Bibliographic record
Abstract
Levels of flame retardants in house dust and a transport pathway from homes to the outdoor environment were investigated in communities near the Columbia River in Washington state (WA). Residential house dust and laundry wastewater were collected from 20 homes in Vancouver and Longview, WA and analyzed for a suite of flame retardants to test the hypothesis that dust collecting on clothing and transferring to laundry water is a source of flame retardants to wastewater treatment plants (WWTPs) and subsequently to waterways. Influent and effluent from two WWTPs servicing these communities were also analyzed for flame retardants.

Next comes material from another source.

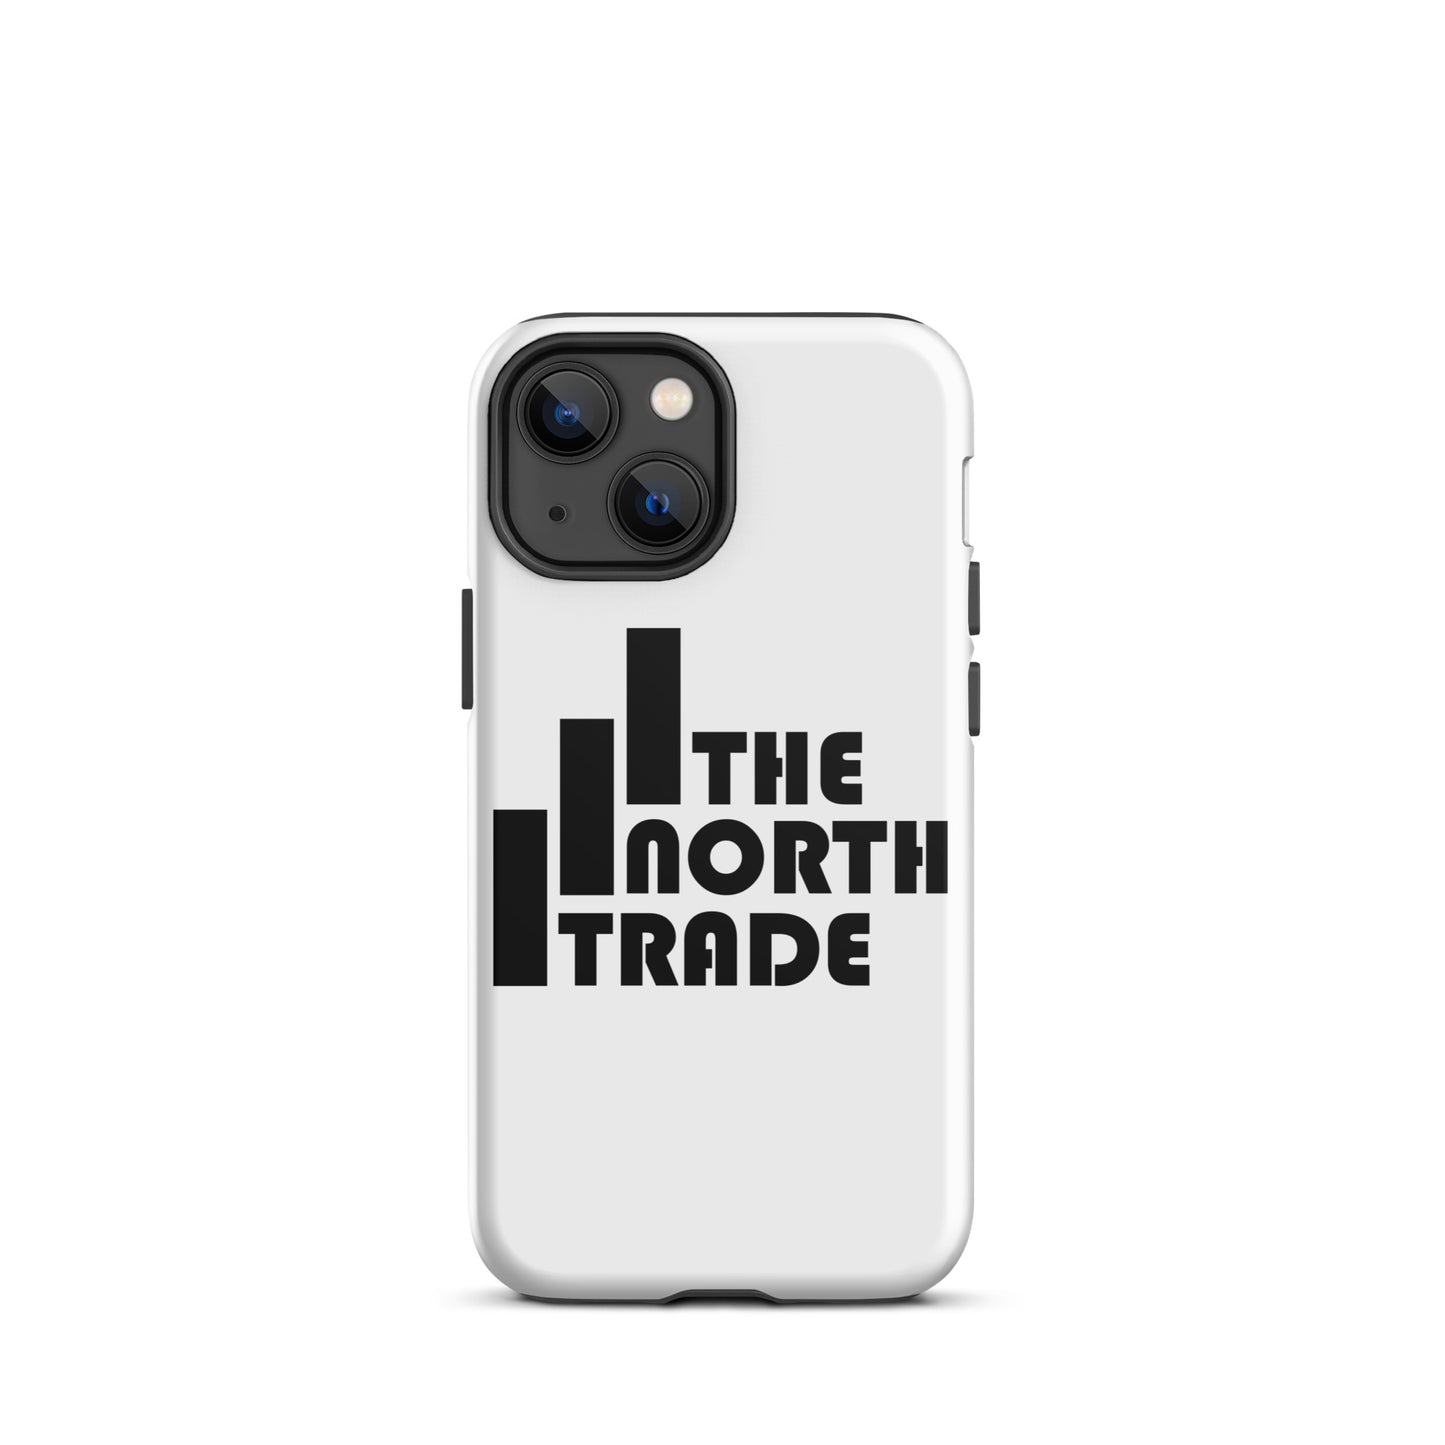 The North Trade Tough iPhone Case

A total of 21 compounds were detected in house dust, including polybrominated diphenyl ethers (PBDEs), 2-ethylhexyl-2,3,4,5-tetrabromobenzoate (TBB or EH-TBB), bis(2-ethylhexyl) 3,4,5,6-tetrabromophthalate (TBPH), 1,2-bis(2,4,6,-tribromophenoxy)ethane (BTBPE) and decabromodiphenylethane (DBDPE), hexabromocyclododecane (HBCD or HBCDD), tetrabromobisphenol A (TBBPA), and three chlorinated organophosphate flame retardants (ClOPFRs), tris(1,3-dichloro-2-propyl)phosphate (TDCPP or TDCIPP), tris(1-chloro-2-propyl)phosphate (TCPP or TCIPP), and tris(2-chloroethyl)phosphate (TCEP). Levels ranged from 3.6 to 82,700 ng g(-1) (dry weight). Of the 21 compounds detected in dust, 18 were also detected in laundry wastewater. Levels ranged from 47.1 to 561,000 ng L(-1). ClOPFRs were present at the highest concentrations in both dust and laundry wastewater, making up 72% of total flame retardant mass in dust and 92% in laundry wastewater. Comparison of flame retardant levels in WWTP influents to estimates based on laundry wastewater levels indicated that laundry wastewater may be the primary source to these WWTPs. Mass loadings to the Columbia River from each treatment plant were by far the highest for the ClOPFRs and ranged up to 114 kg/yr for TCPP.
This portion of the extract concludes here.